▶ WHAT TO DO
An exact copy of all the data, minus the images, is required.

▶ INFORMATION PROVIDED
'''

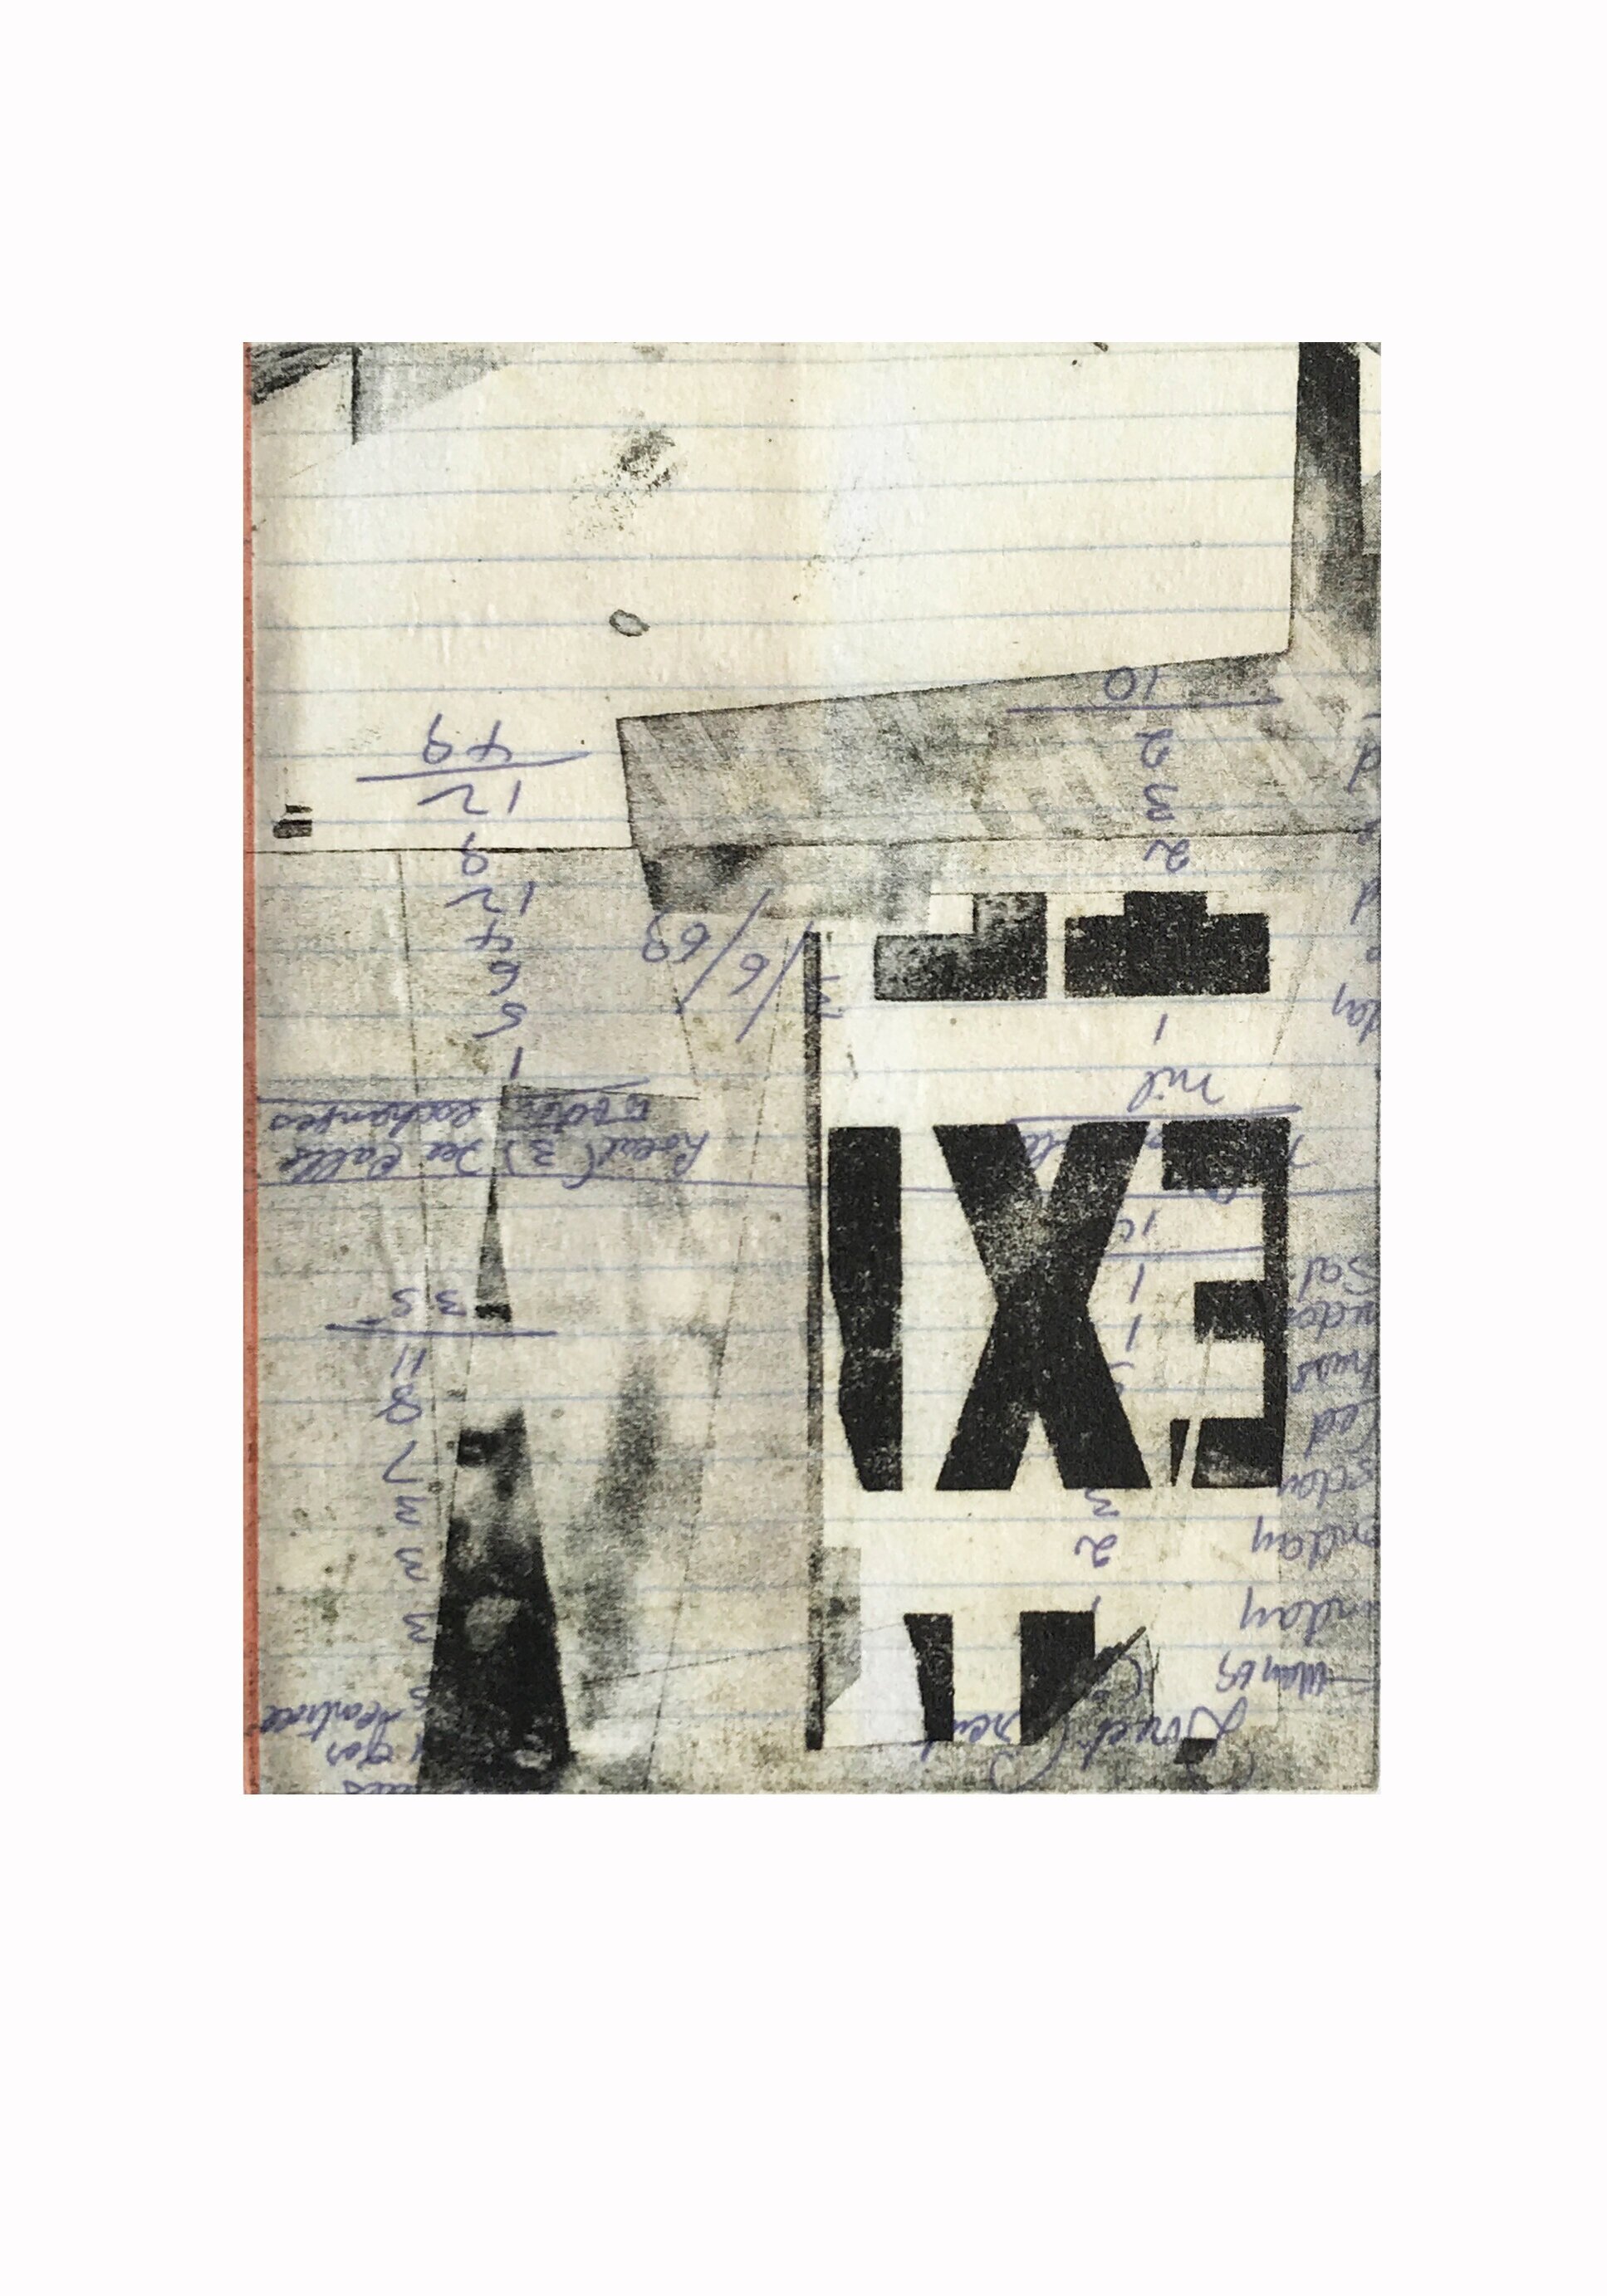   No Exit , photo etching, chine colle, 16cm x 20cm, 2016 
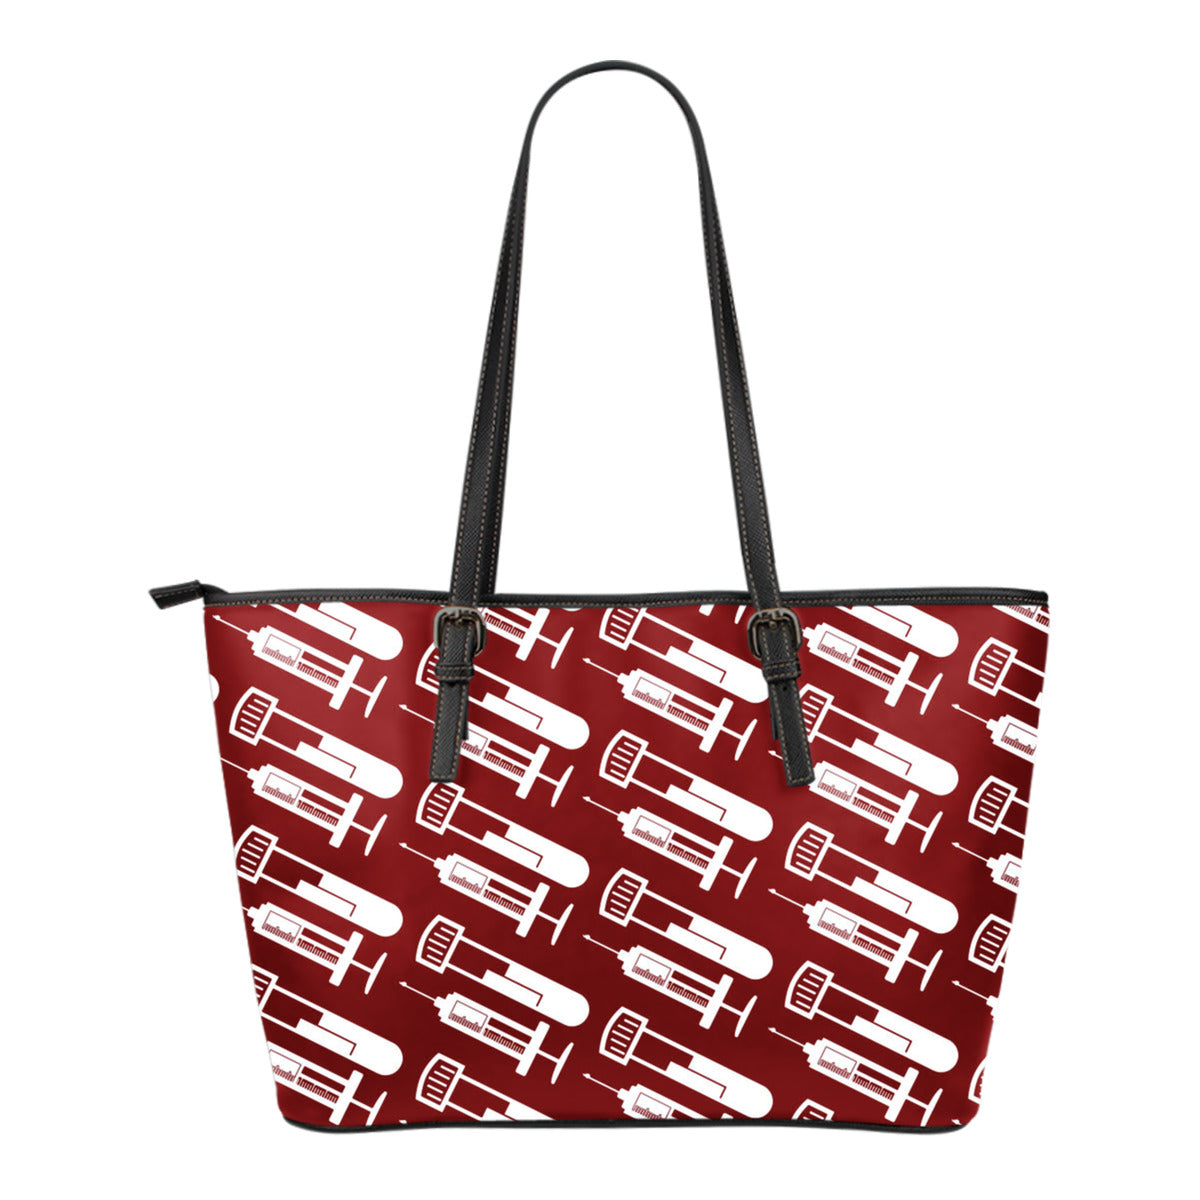 Phlebotomist Small Leather Tote Bag - JaZazzy 
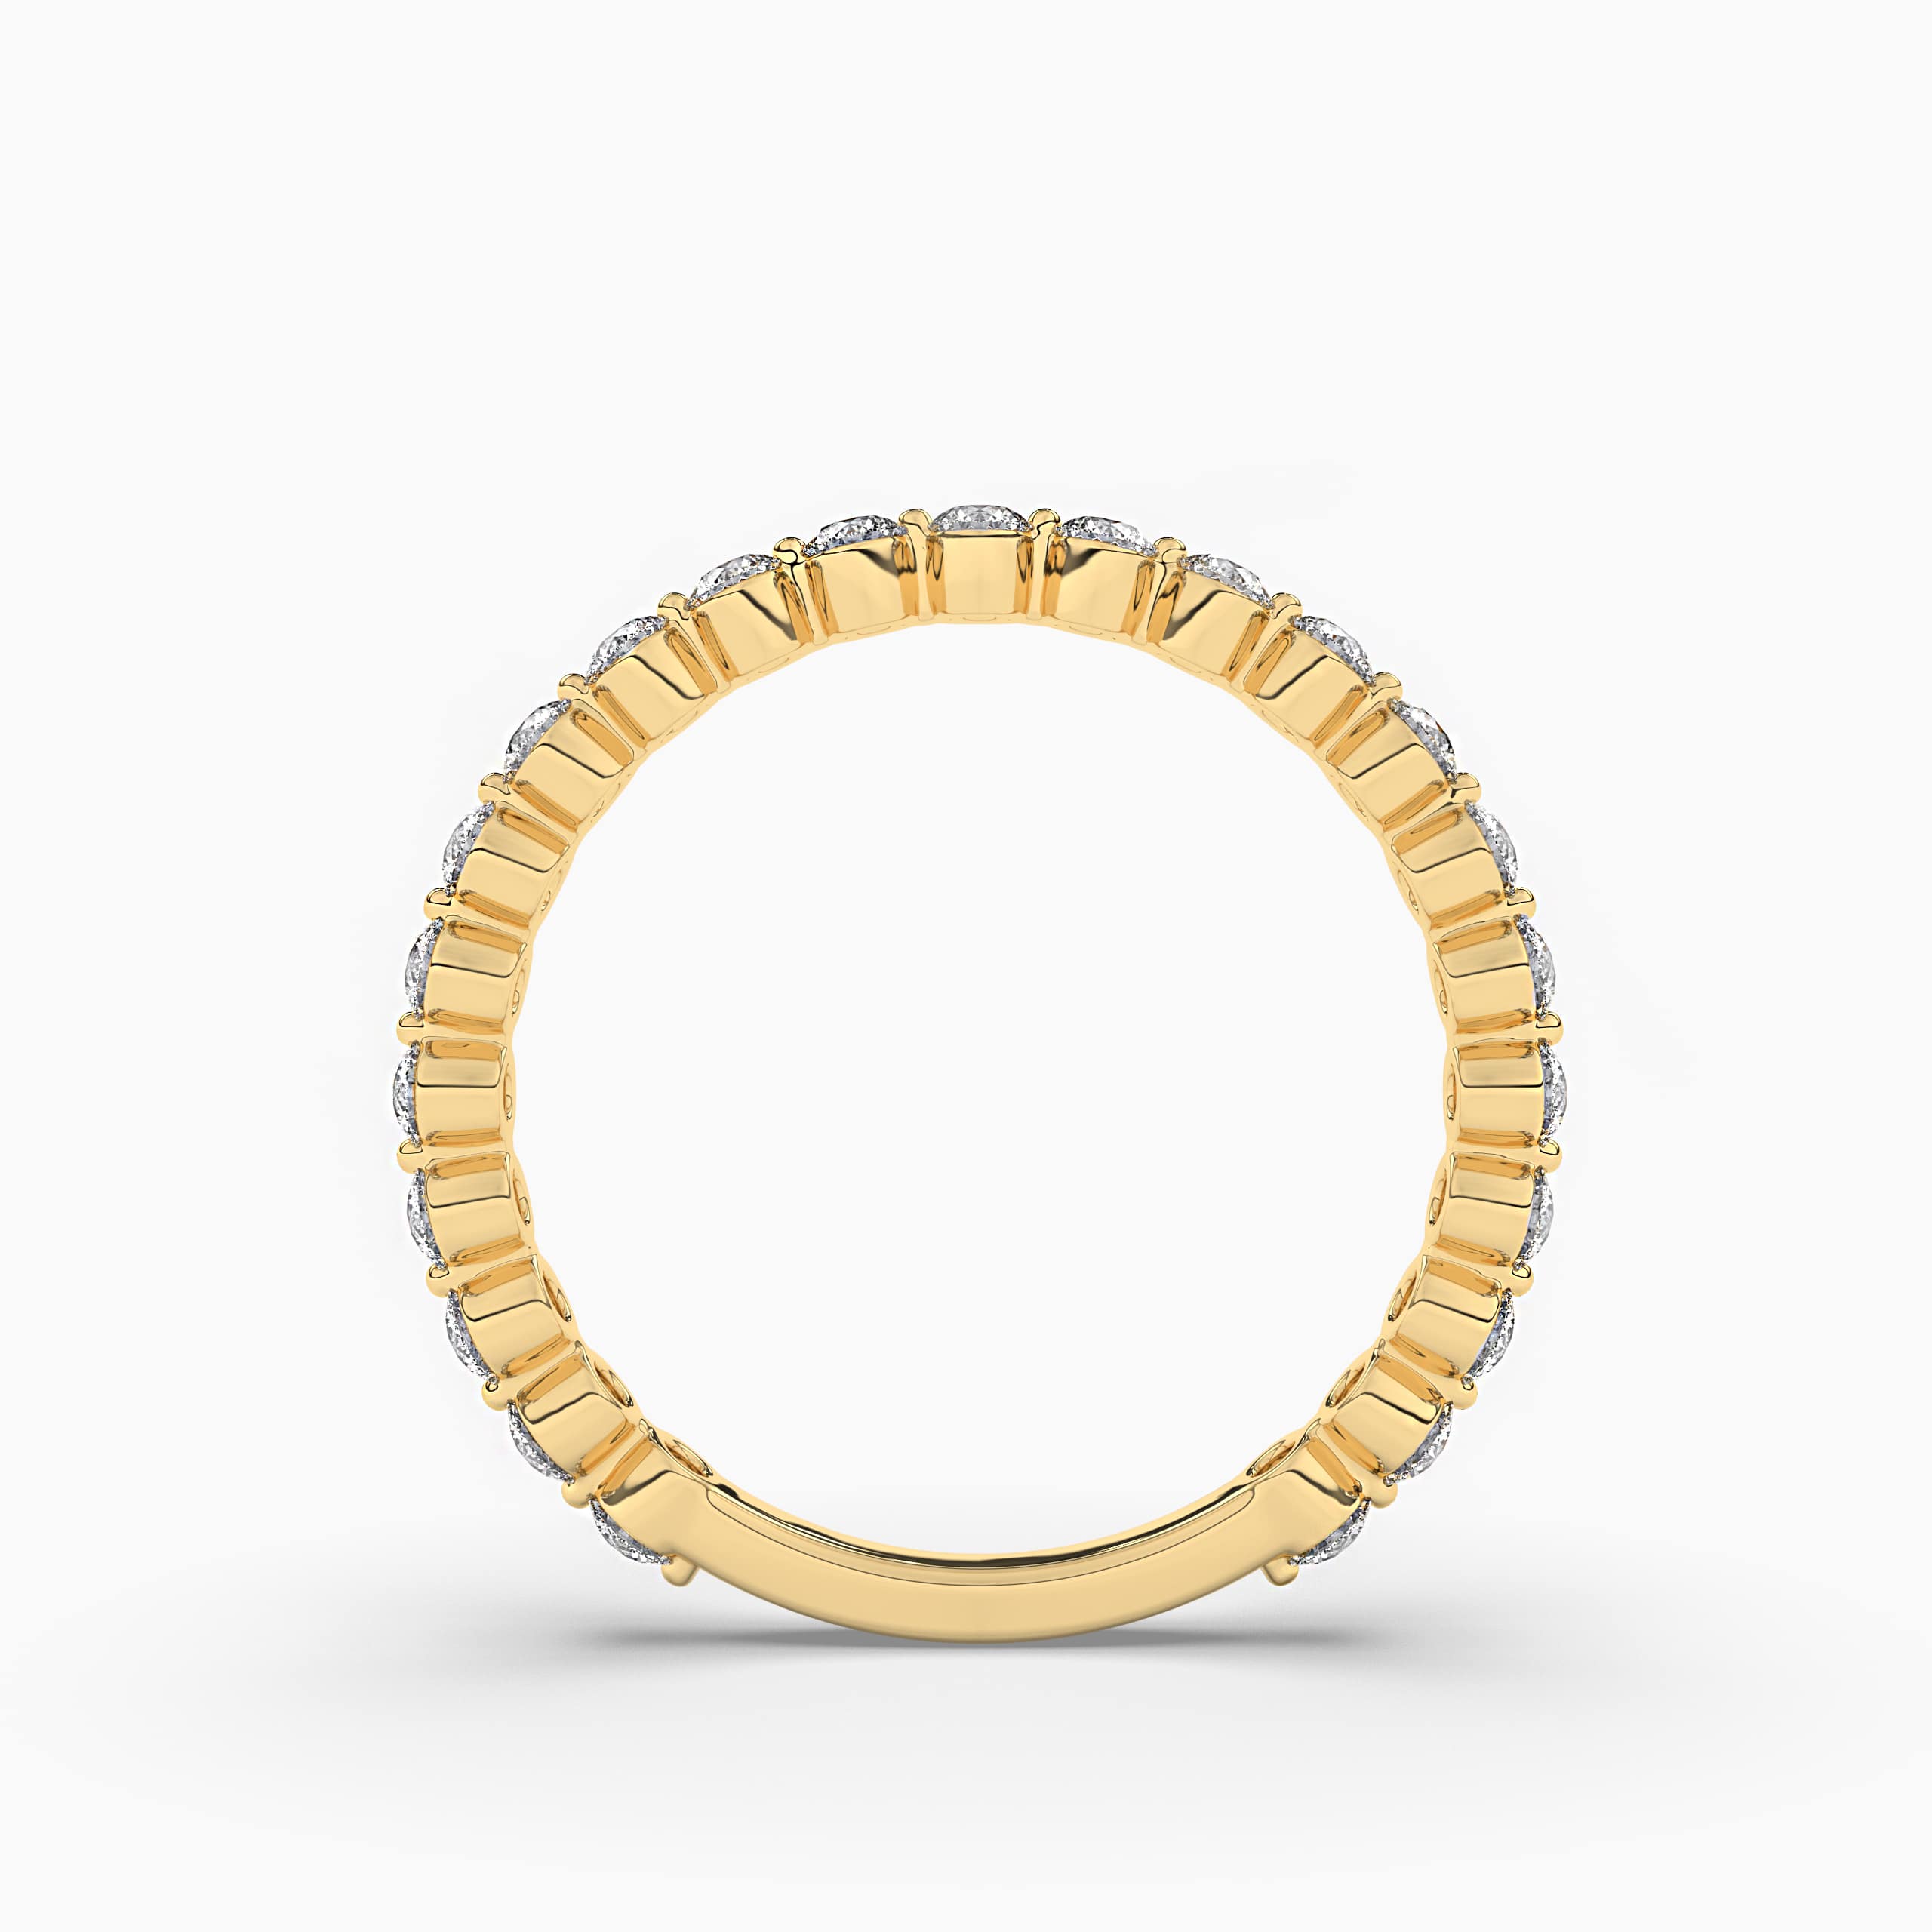 Blue Sapphire Eternity Wedding Band In Yellow Gold For Woman's Gift

'''

▶ TASK SOLUTION
   No Exit , photo etching, chine colle, 16cm x 20cm, 2016 
 Phlebotomist Small Leather Tote Bag - JaZazzy 
 Blue Sapphire Eternity Wedding Band In Yellow Gold For Woman's Gift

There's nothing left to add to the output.